3GPP files are deliberately engineered for minimum file size — they target 3G mobile bandwidth constraints, often encoding video at sub-500kbps and audio at 32–64k. The TS container encodes the same content with a higher-quality H.264 pass at CRF 23 and AAC audio at 128k, which alone is double or quadruple the original audio bitrate. Additionally, the TS container's 188-byte packet structure introduces fixed overhead that MP4-derived containers like 3GPP do not have. Expect the output file to be several times larger than the source.
Yes — MPEG-2 Transport Stream is the native segment format for HTTP Live Streaming (HLS). The H.264 video and AAC audio codecs produced by this conversion are precisely the baseline codec combination required by the HLS specification and supported across all Apple devices, Android players, and web browsers. To use the output in an HLS workflow, you would further segment the TS file using FFmpeg's hls muxer or a dedicated packager.
No. 3GPP containers can store mobile-specific metadata such as GPS coordinates, device information, and recording timestamps in atom-based structures inherited from the MP4 specification. The MPEG-2 Transport Stream format does not have equivalent metadata atoms, so this information is not carried over during the conversion. If preserving metadata is important, extract it from the 3GPP file separately using a tool like ExifTool before converting.

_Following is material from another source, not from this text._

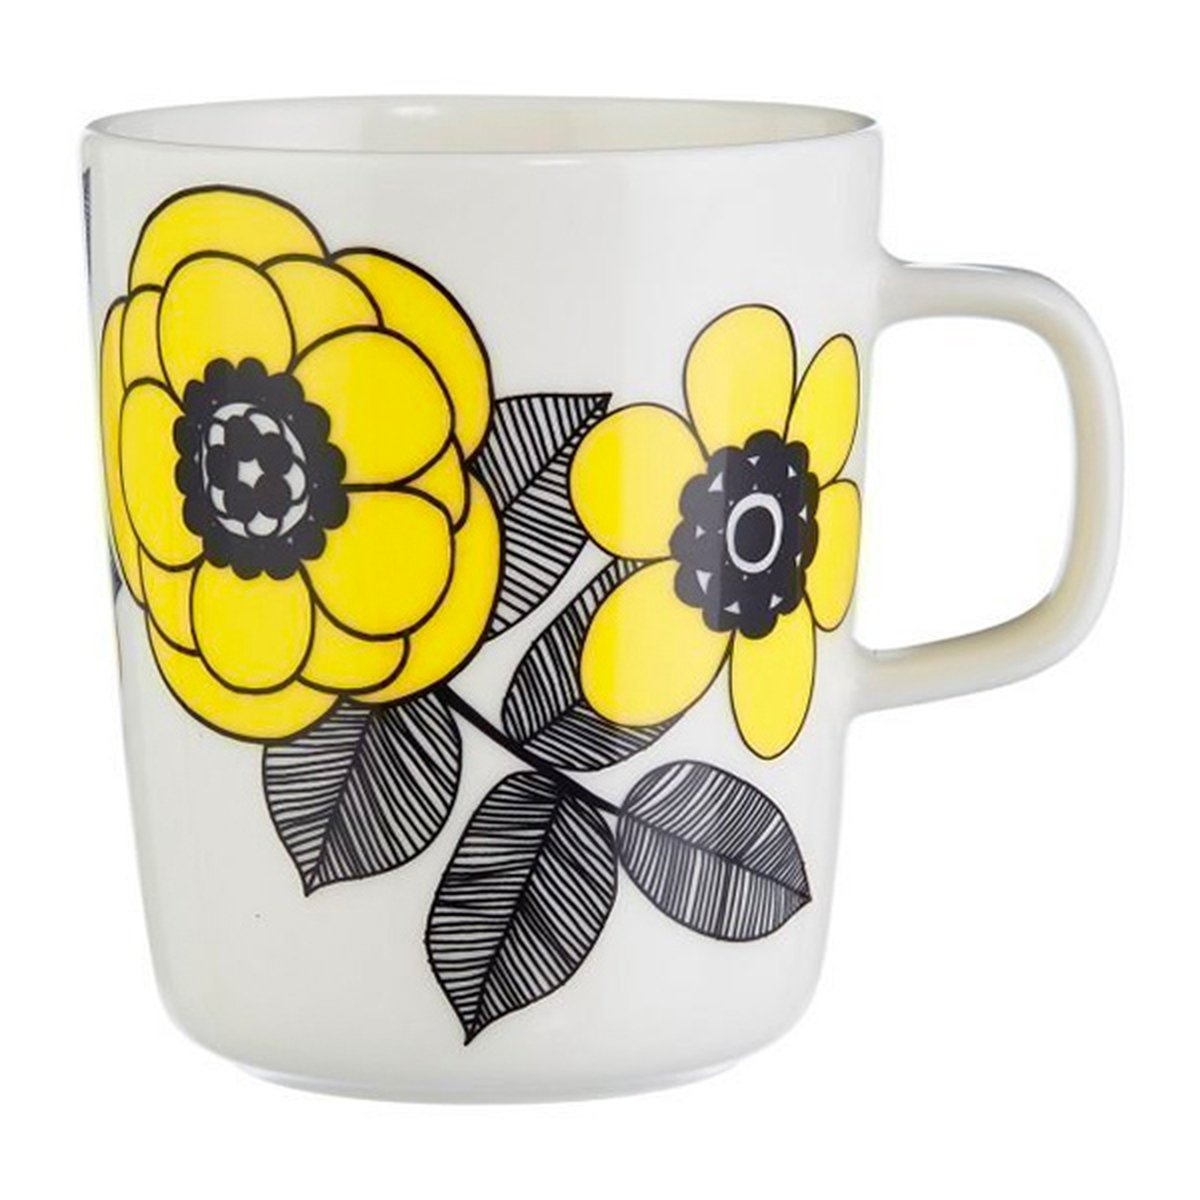 Marimekko Oiva - Kestit mug 2,5 dl, light yellow | Pre-used design |  Franckly

Yes — the -crf flag controls video quality. Lower values mean higher quality and larger files: CRF 18 is near-visually lossless for H.264, while CRF 28 is noticeably compressed. For 3GPP source material that was already heavily compressed on mobile, going below CRF 20 rarely produces meaningful improvement since the source artifacts are already present. A CRF between 20 and 25 is a practical range for this conversion. You can also raise the audio bitrate from 128k to 192k or 256k with -b:a 192k if the source audio quality warrants it.
Yes. On Linux or macOS, you can loop over all 3GP files in a directory with: for f in *.3gp; do ffmpeg -i "$f" -c:v libx264 -c:a aac -crf 23 -b:a 128k "${f%.3gp}.ts"; done. On Windows Command Prompt, use: for %f in (*.3gp) do ffmpeg -i "%f" -c:v libx264 -c:a aac -crf 23 -b:a 128k "%~nf.ts". This applies the same codec settings to every file in the folder, outputting a matching TS file for each.
Technical Notes
The MPEG-2 Transport Stream format was designed for environments where packet loss is expected — broadcast satellite, cable, and over-the-air TV — which is why its 188-byte packet structure includes error correction metadata absent from the 3GPP/MP4 container model. The libx264 encoder used in this conversion supports the full range of H.264 profiles; by default it targets the Main profile, which is compatible with broadcast decoders and HLS players. The 3GPP source may contain video encoded at Baseline profile (common on early mobile devices), so the re-encode actually upgrades the profile compatibility. One important limitation: 3GPP does not support multiple audio tracks, subtitles, or chapters, so none of those features can be synthesized during conversion even though TS supports multiple audio tracks and subtitles natively. If you need to add subtitle streams to the output TS, you would need to supply them separately via an additional -i input in the FFmpeg command. The absence of -movflags +faststart in the TS output command is intentional — that flag is specific to MP4/MOV containers and has no meaning for Transport Stream files, which are inherently designed for sequential streaming without requiring a relocated index atom.